王英见应元子口气决绝,也怕是钱财污了高人的气节,便也就收回银两,话锋一转再与司徒义攀谈起来:“司徒大哥,你怎么也会来到这里?”
司徒义回道:“说来也巧,我也恰是今日才回到金铭城中的,早上回东殿府上述职,方才得了空闲。晚上我邀了众多兄弟到家中做客,听说这‘锦绣楼’中有一名酒‘红袖添香’,我才特来打上几斤。王贤弟,应元先生今日有缘相遇若是不弃,不如一同到家中一叙。”

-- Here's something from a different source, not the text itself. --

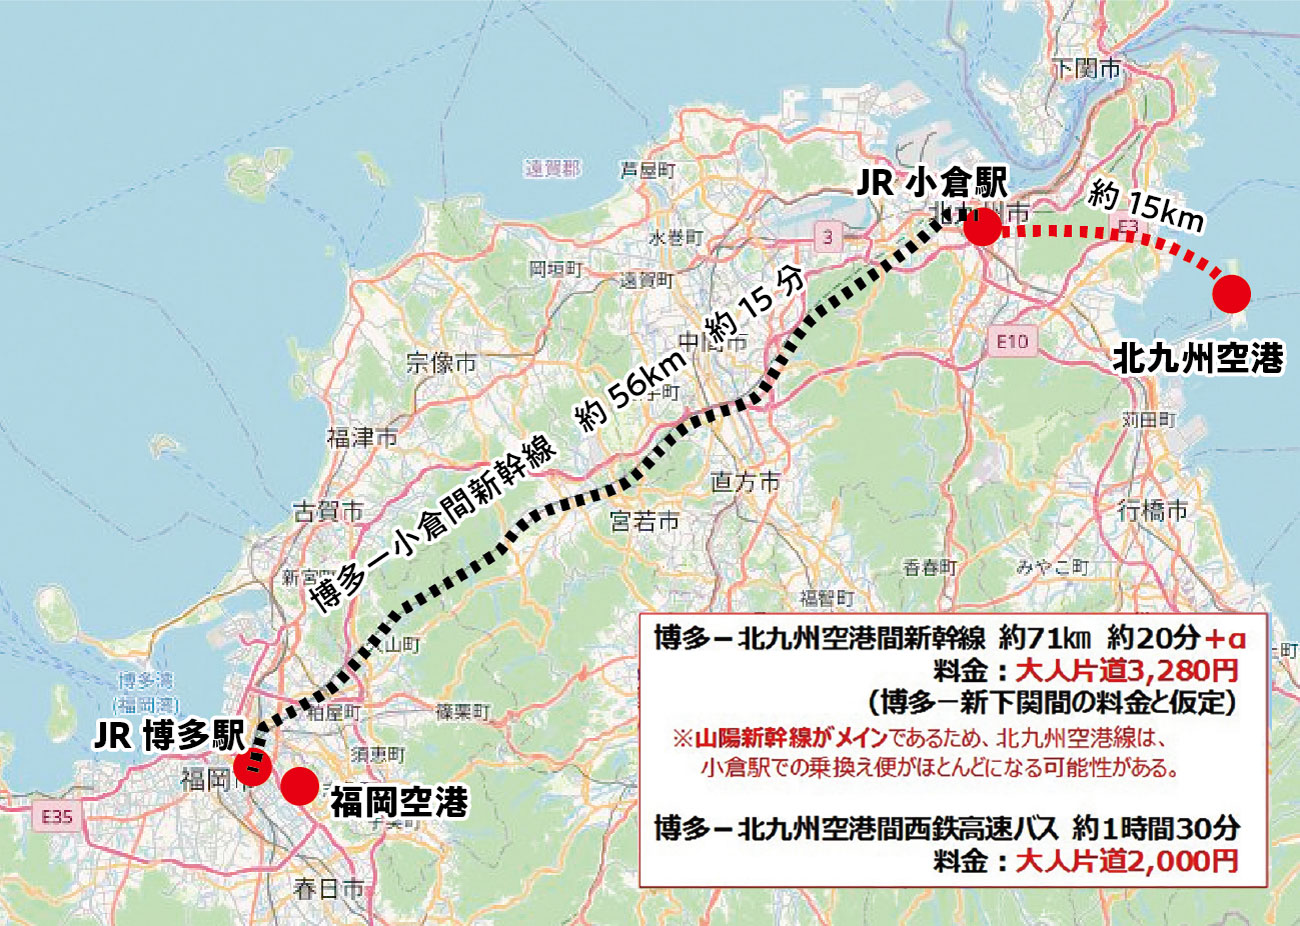 小倉駅から北九州空港まで新幹線を延伸した場合のイメージ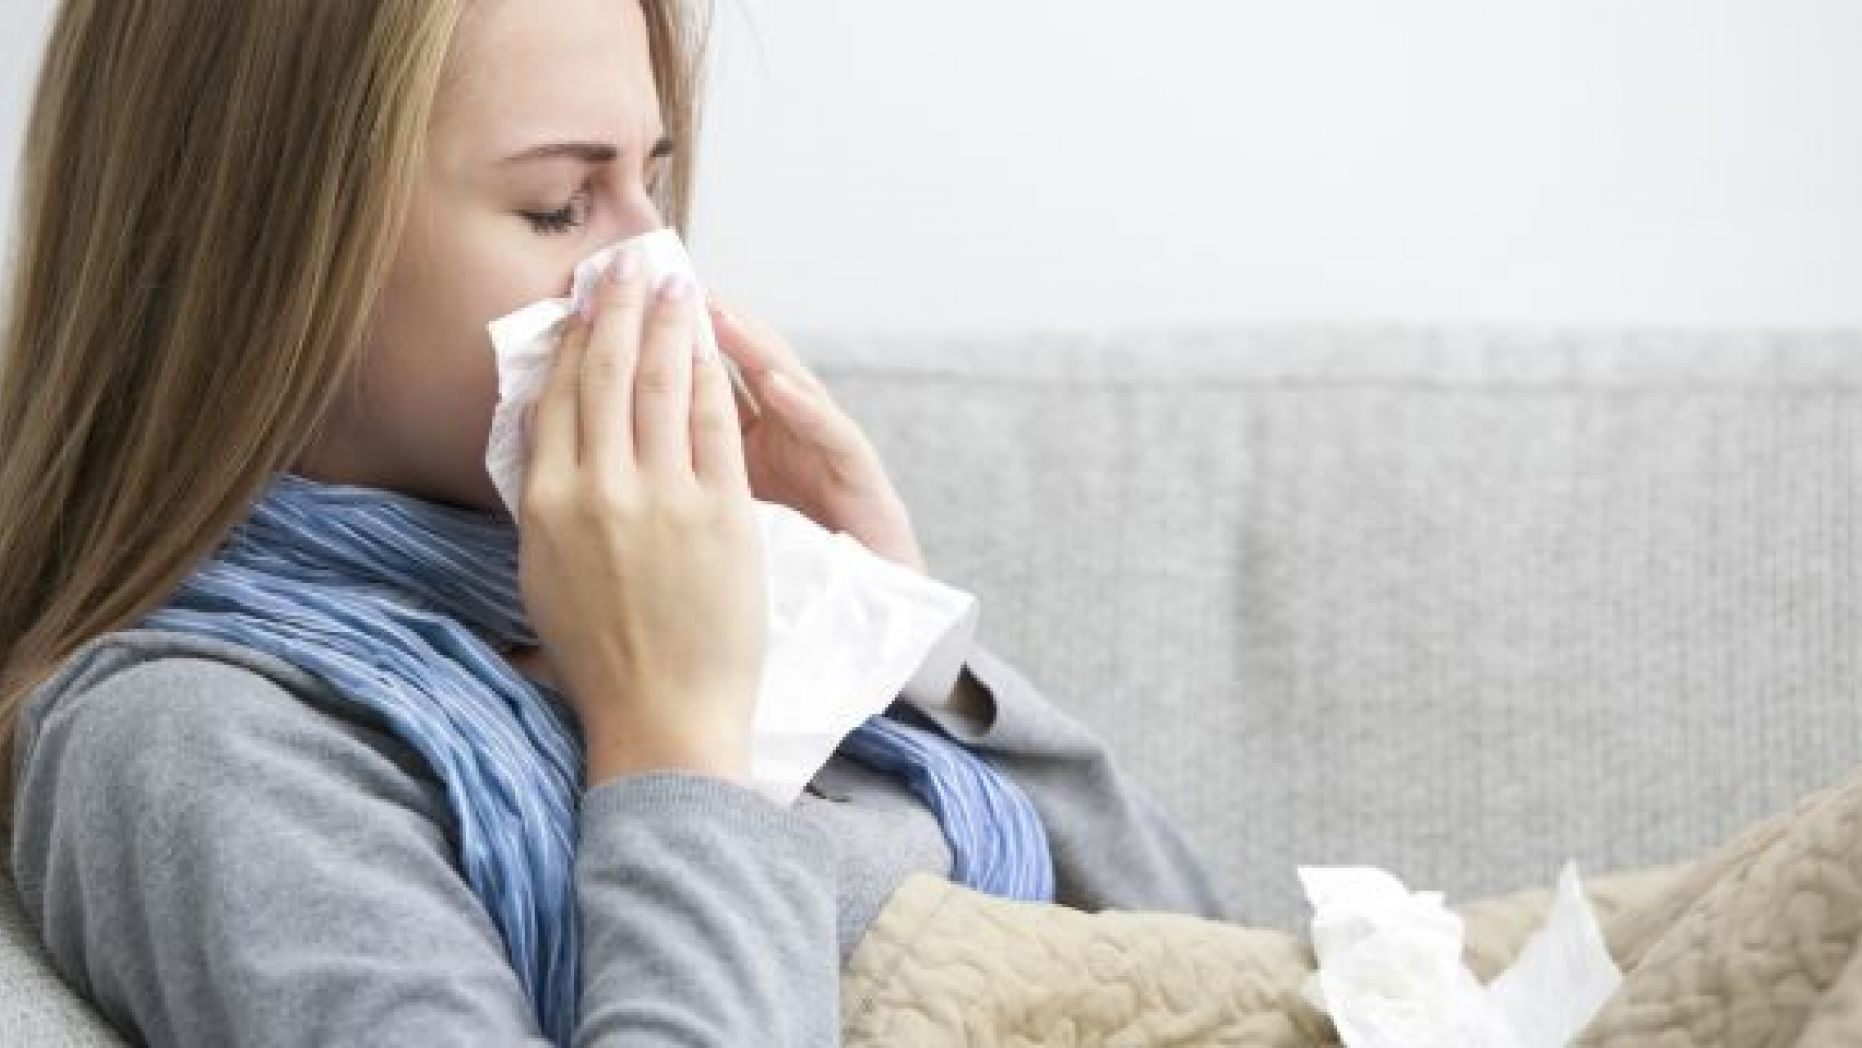 Raffreddore o influenza? I sintomi per distinguerle e riconoscerle

“多谢司徒大哥美意,小弟就却之不恭了,应元先生你呢?”
“请恕贫道无礼,不能应邀。我本是修道之人,不好享乐。况且我住在城外紫云观中,入夜后金铭城关闭,我回不得,实在是有诸多不便。有机会他日再聚不迟。”说罢应元子起身拜别,便独自离开。
司徒义付了酒钱,也同王英一道步出酒楼,二人步履略显缓慢,穿越过市集人潮,待到夕阳余晖尽没,天际换上斑驳星光,二人一路走来默默无语。
王英低头,双手在身前,左手不住的搓着右手。司徒义手拎酒坛,眉头微皱,也是始终没有开口。
走过街头巷陌,转首便来到司徒义家门口,眼看四下无人沉默的氛围才被打破:“王……李姑娘,请恕在下无礼,不能尊称长平公主尊号。姑娘之身份来到宁国,实在是不妥,金铭城中遍布西殿耳目,若是让西殿之人知晓,怕是对姑娘以及棠国不利……”
原来王英本是女儿身,名唤李霖玥,其身份正是宁国东北面棠国长平公主。此刻长平公主早已经是湿红了双眼,微咬下唇略带哭腔道:“司徒大哥,我……”
话语未落,听得“嘎吱”一声响,门分左右,有人道:“小义,你真是小义!”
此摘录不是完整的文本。